Description of the task: Your reply should reproduce the data below without a single alteration, apart from dropping the images.

━━━━━ Data

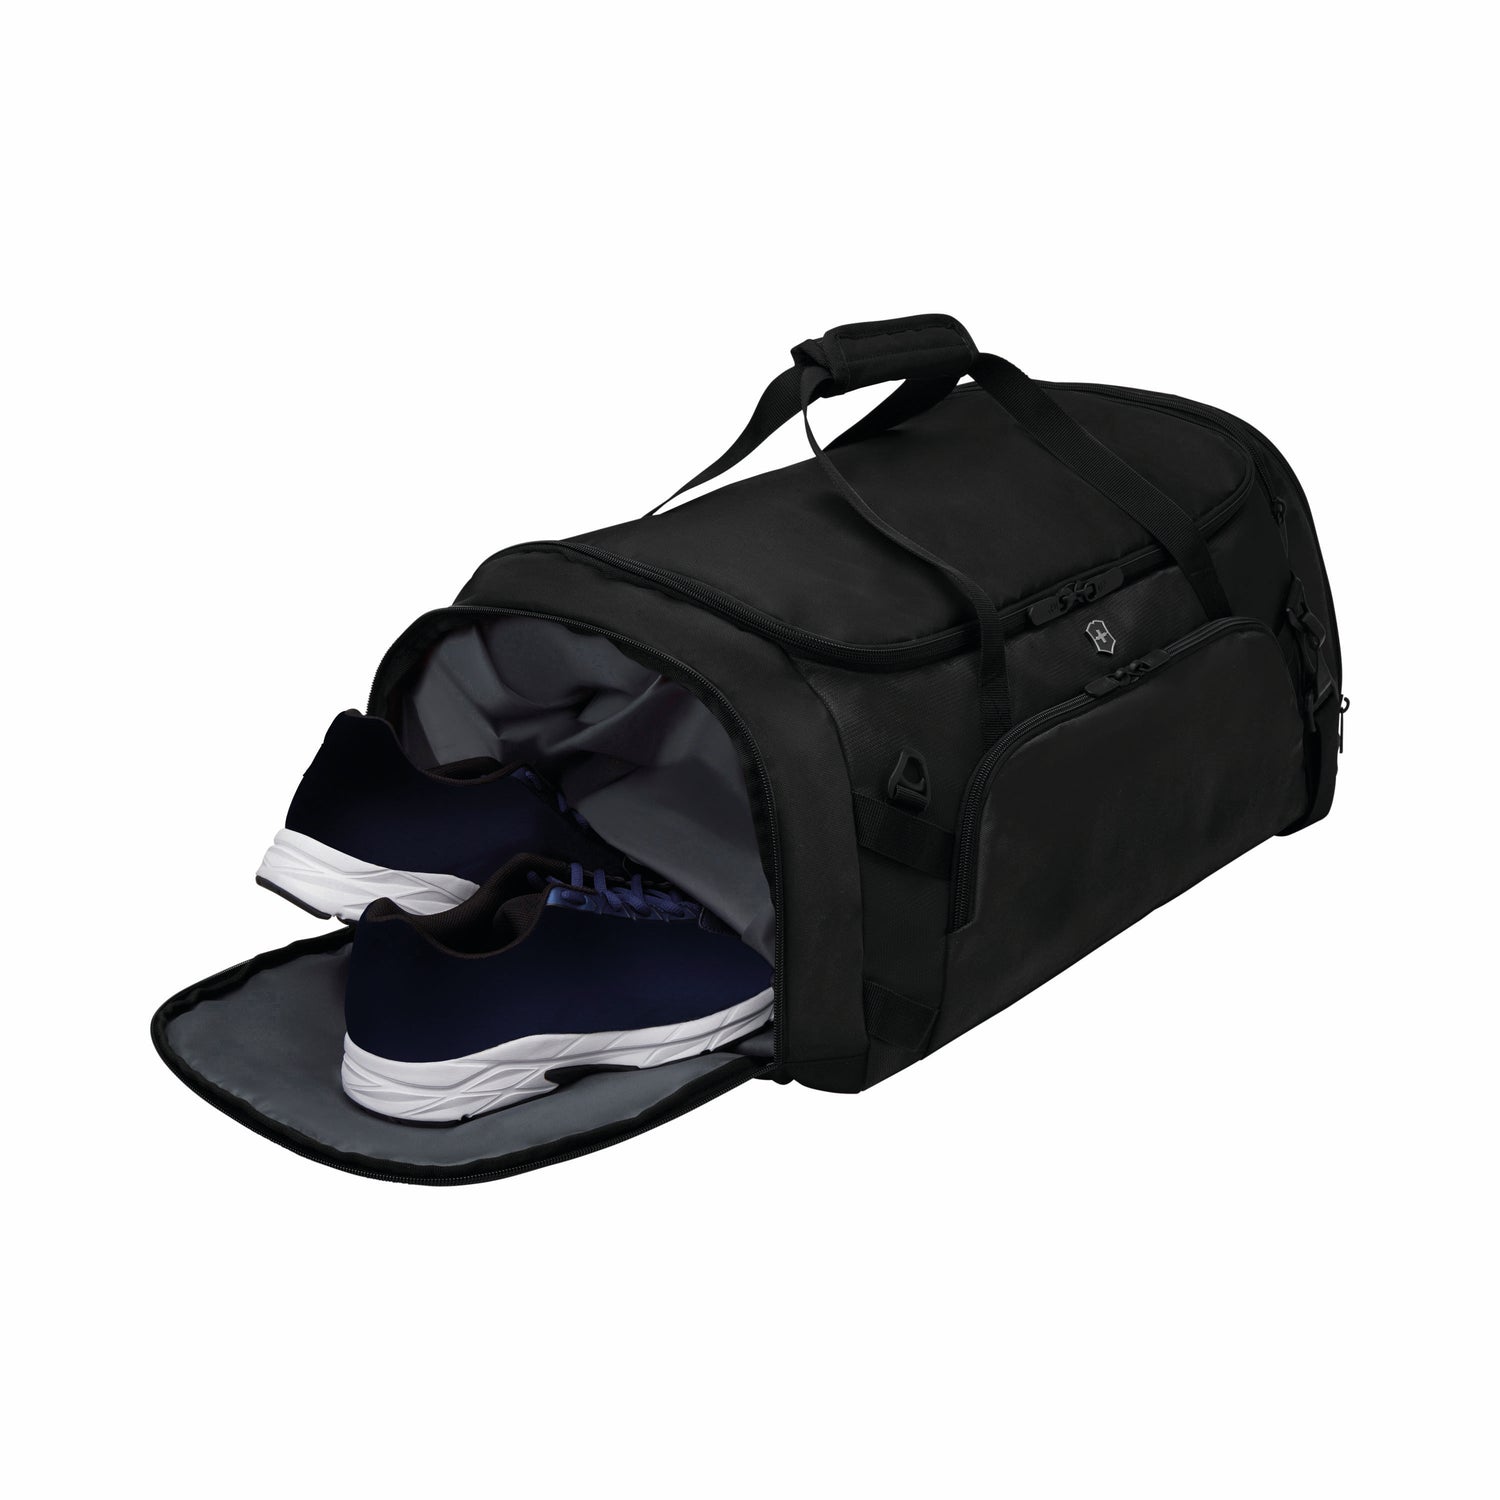 Sport EVO, 2-in-1 Backpack/Duffel, Black victorinox travel gear VTG 611422 Kunzi Shop 7
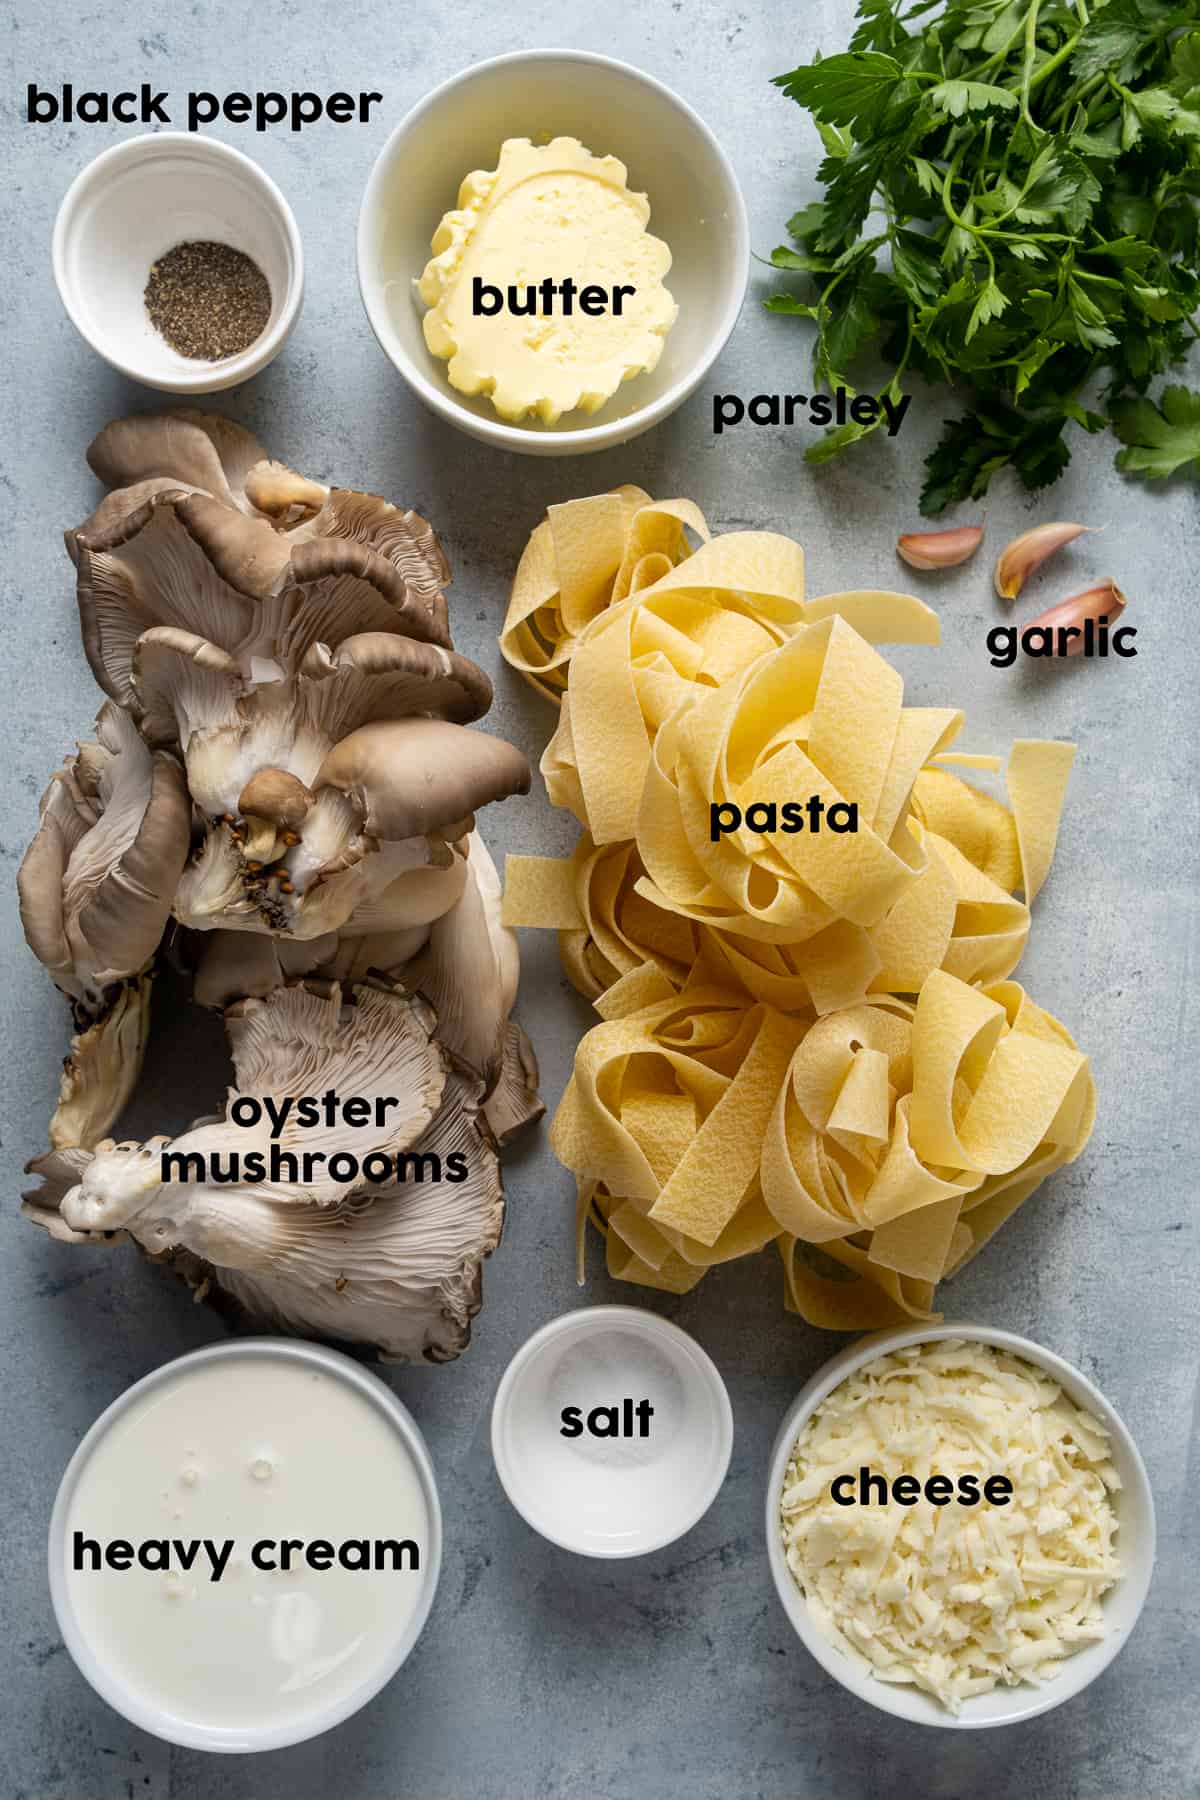 平菇，意大利面，蒜瓣，欧芹，黄油，浓奶油，磨碎的奶酪，盐和胡椒粉，灰色背景。
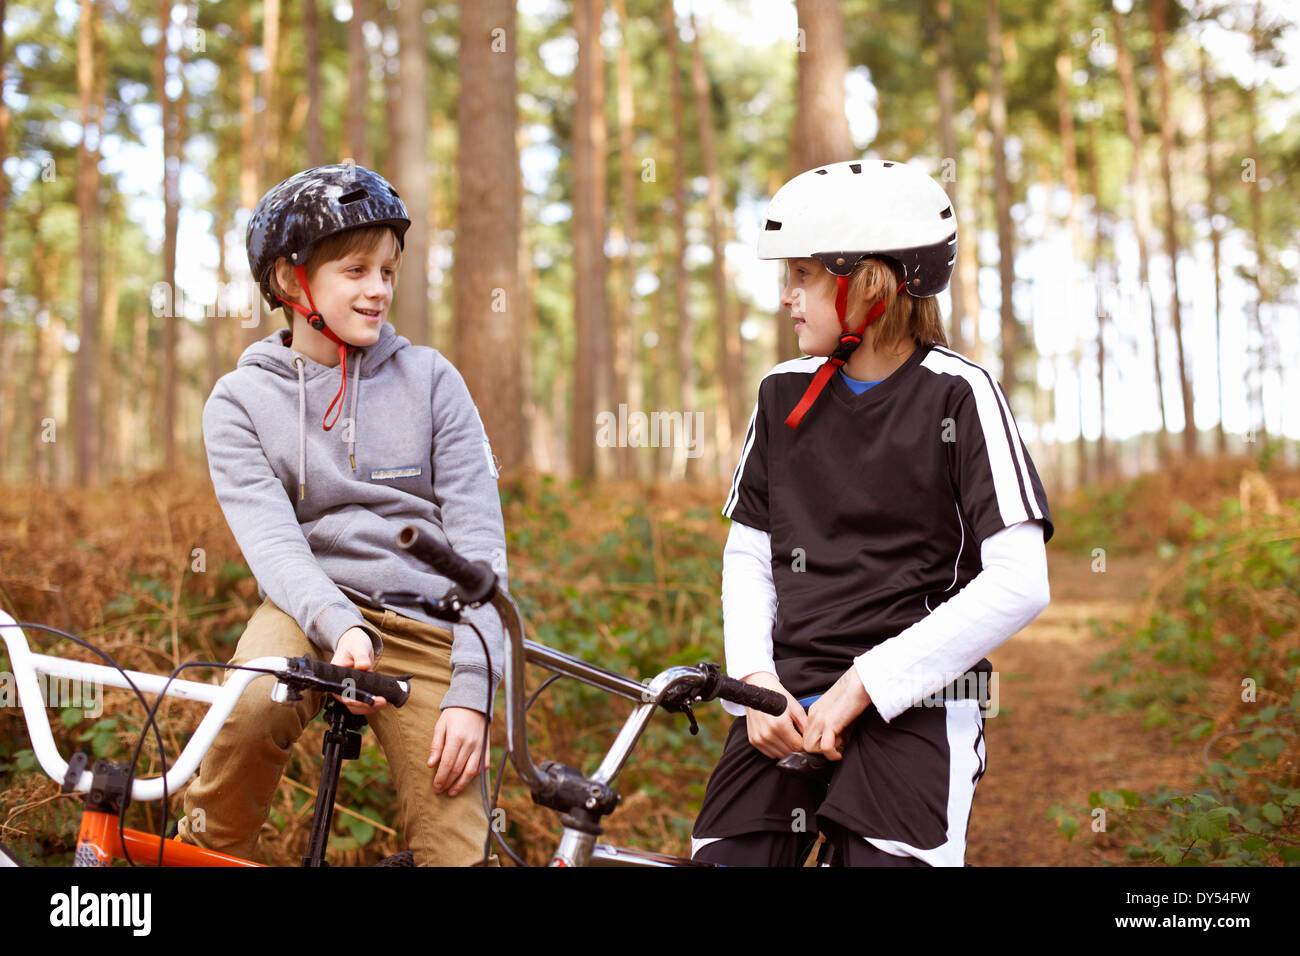 Zwillingsbrüder auf BMX-Bikes im Chat im Wald Stockfoto
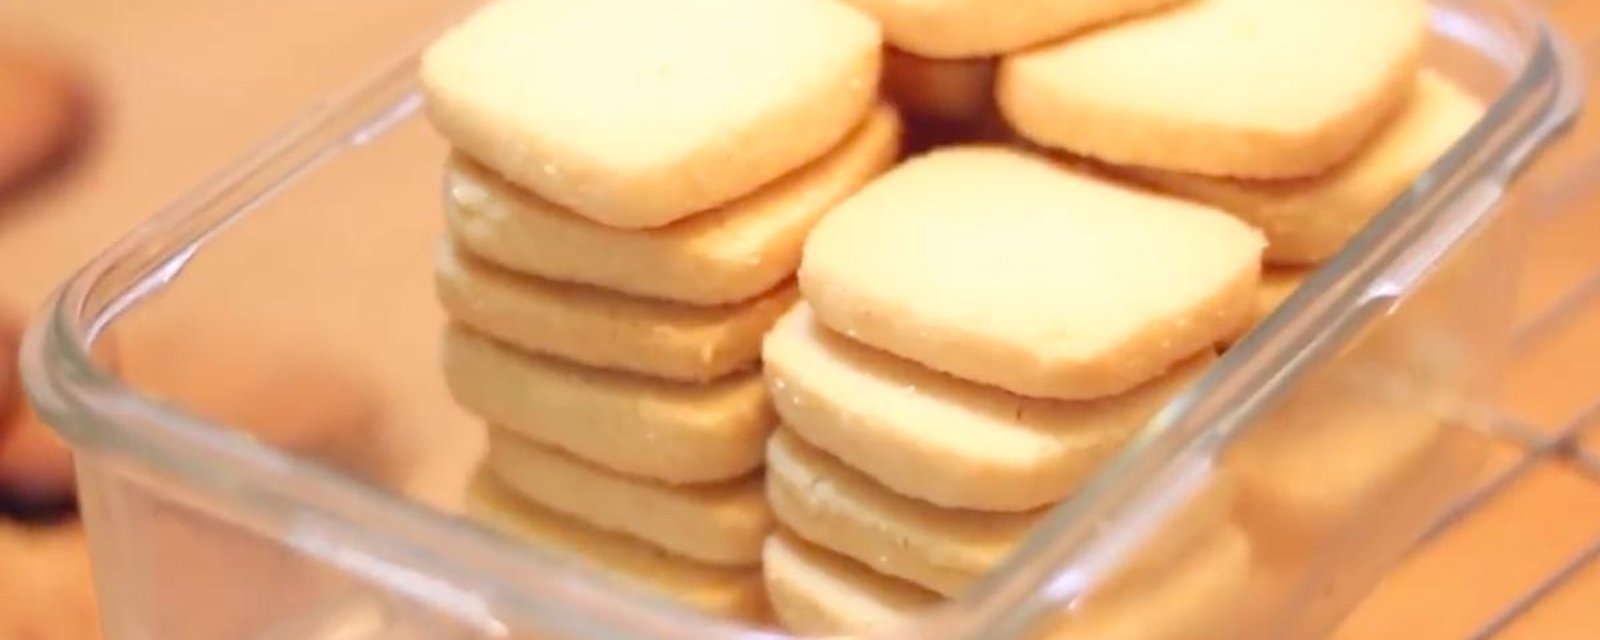 Voici la recette des biscuits les plus faciles à faire au monde!

━━━━━━━━━━

Result of the task:
 Sport EVO, 2-in-1 Backpack/Duffel, Black victorinox travel gear VTG 611422 Kunzi Shop 7
 平菇，意大利面，蒜瓣，欧芹，黄油，浓奶油，磨碎的奶酪，盐和胡椒粉，灰色背景。
 Zwillingsbrüder auf BMX-Bikes im Chat im Wald Stockfoto
 Voici la recette des biscuits les plus faciles à faire au monde!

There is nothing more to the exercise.